DATA EXTRACTS:
——————

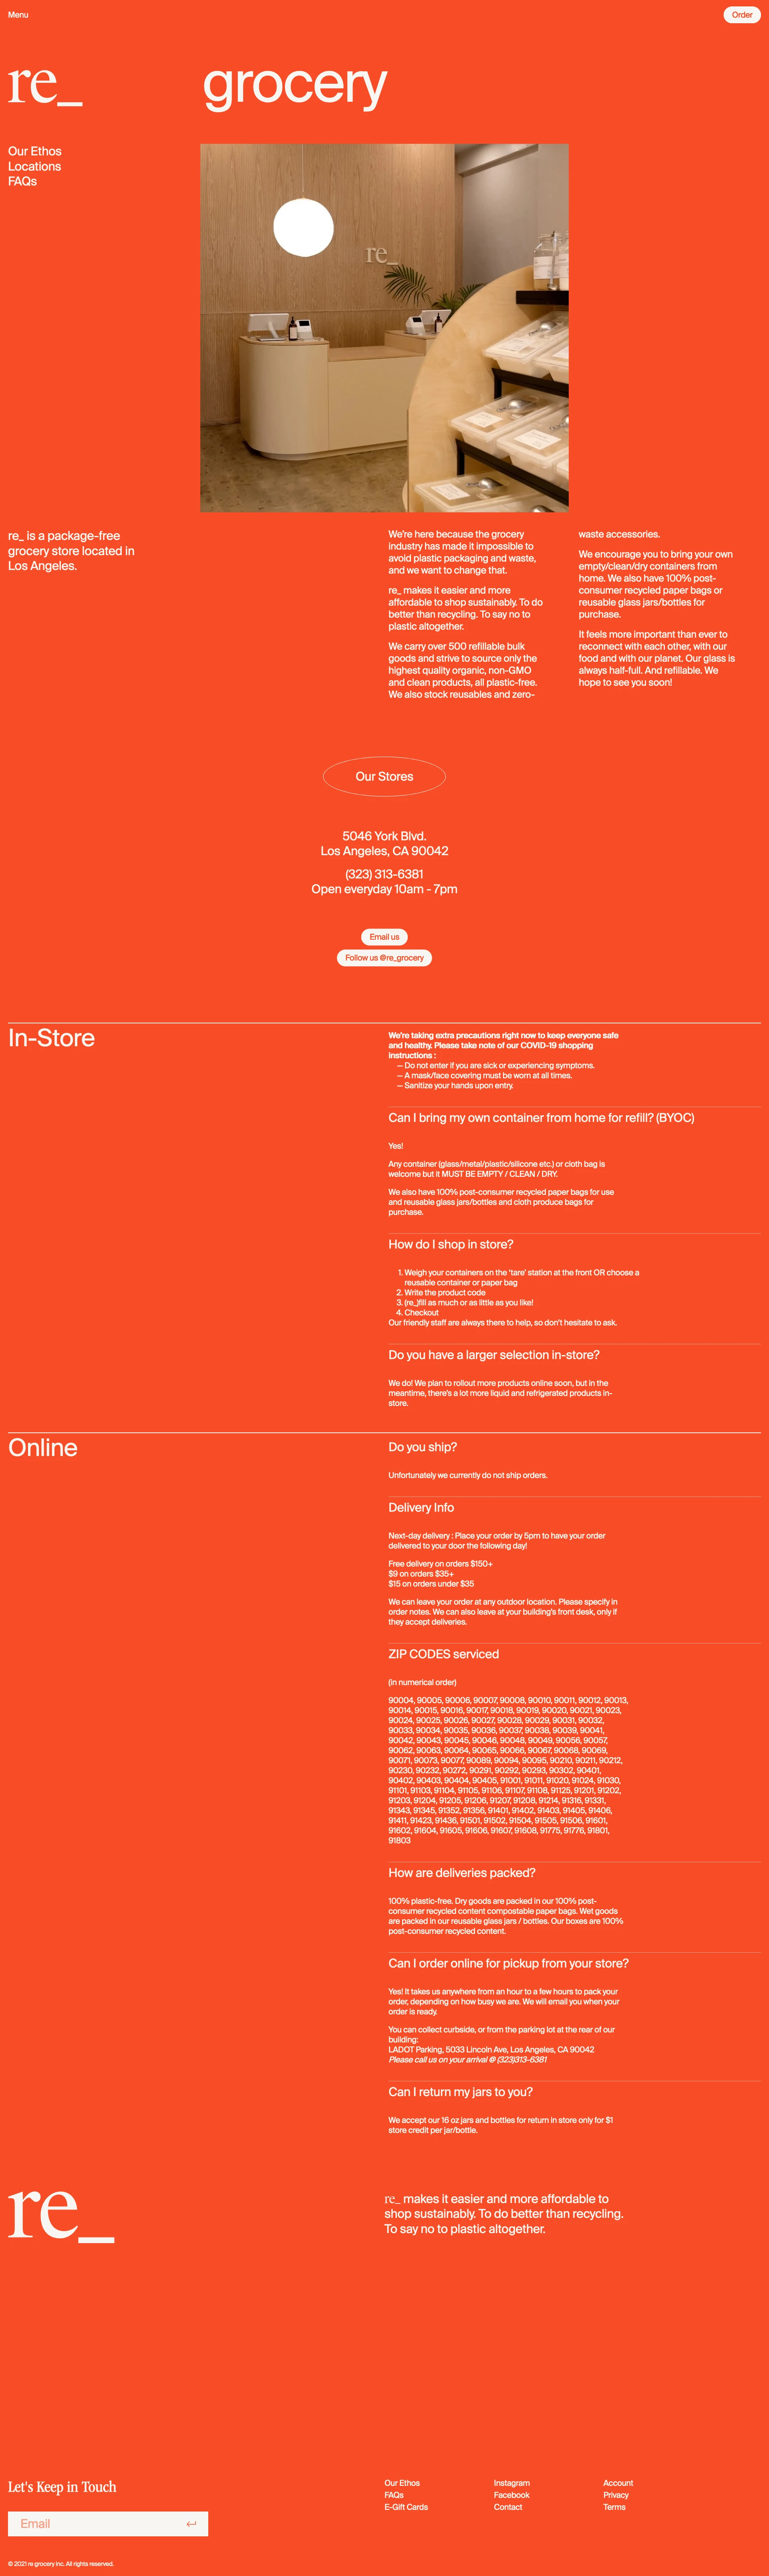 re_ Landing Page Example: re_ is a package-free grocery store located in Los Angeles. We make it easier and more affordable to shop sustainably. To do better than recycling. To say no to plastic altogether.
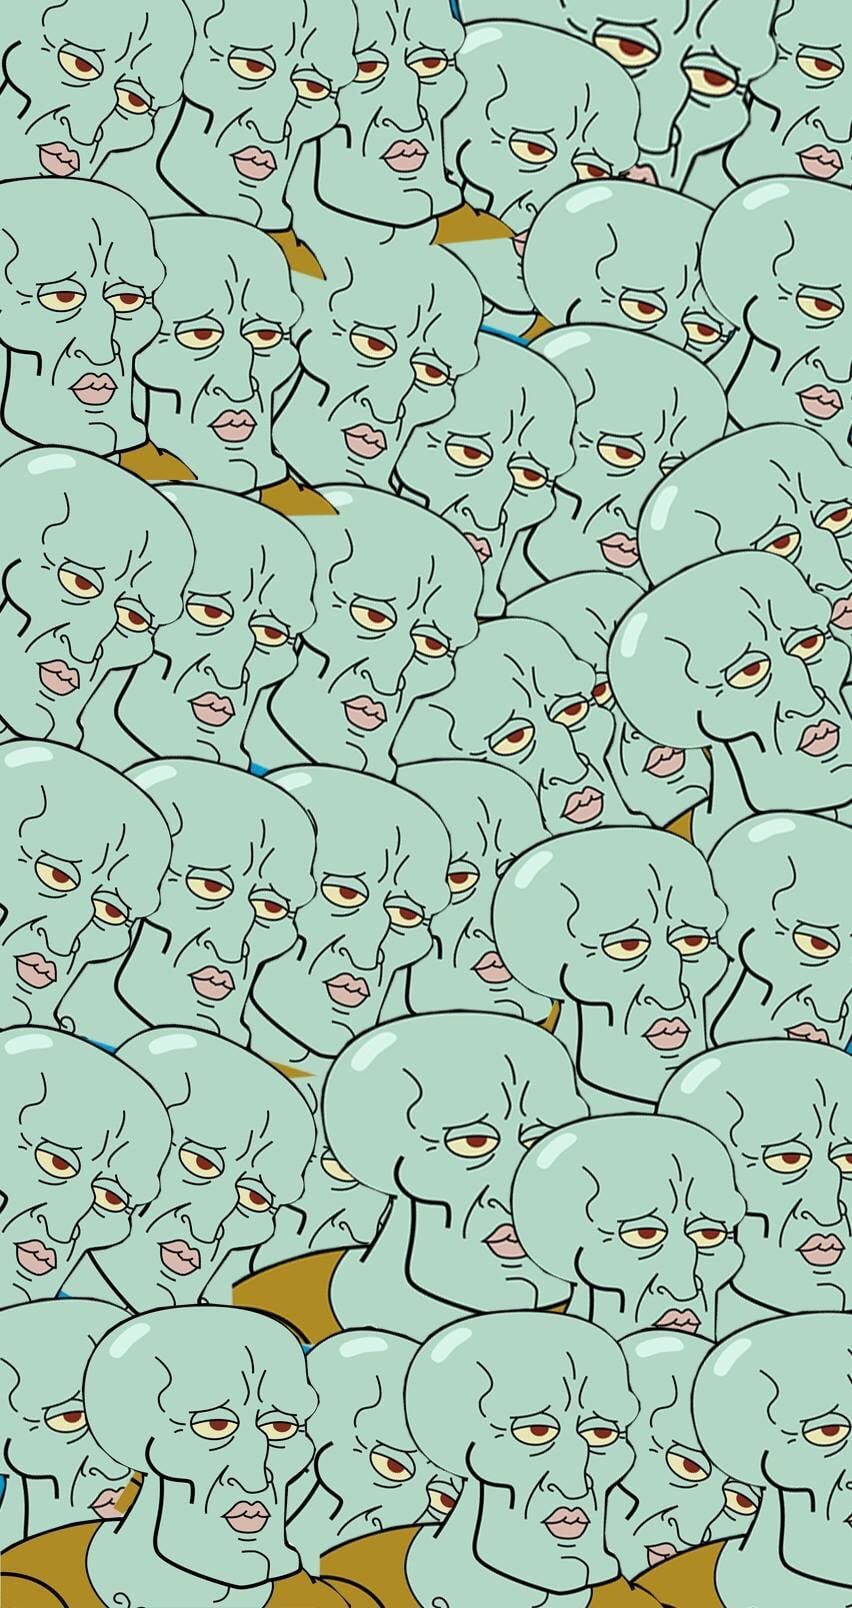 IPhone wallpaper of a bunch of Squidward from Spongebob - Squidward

——————

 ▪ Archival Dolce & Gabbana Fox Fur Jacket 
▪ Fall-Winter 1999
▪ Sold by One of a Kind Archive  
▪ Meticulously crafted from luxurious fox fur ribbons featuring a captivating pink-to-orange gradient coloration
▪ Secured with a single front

——————

YOUR OBJECTIVE: Text only, no pictures: please print exactly the lines above from the line with "re_ Landing Page" up to and including the line with "IPhone wallpaper of", and nothing else.

RESULT OF THIS EXERCISE:
 re_ Landing Page Example: re_ is a package-free grocery store located in Los Angeles. We make it easier and more affordable to shop sustainably. To do better than recycling. To say no to plastic altogether.
 IPhone wallpaper of a bunch of Squidward from Spongebob - Squidward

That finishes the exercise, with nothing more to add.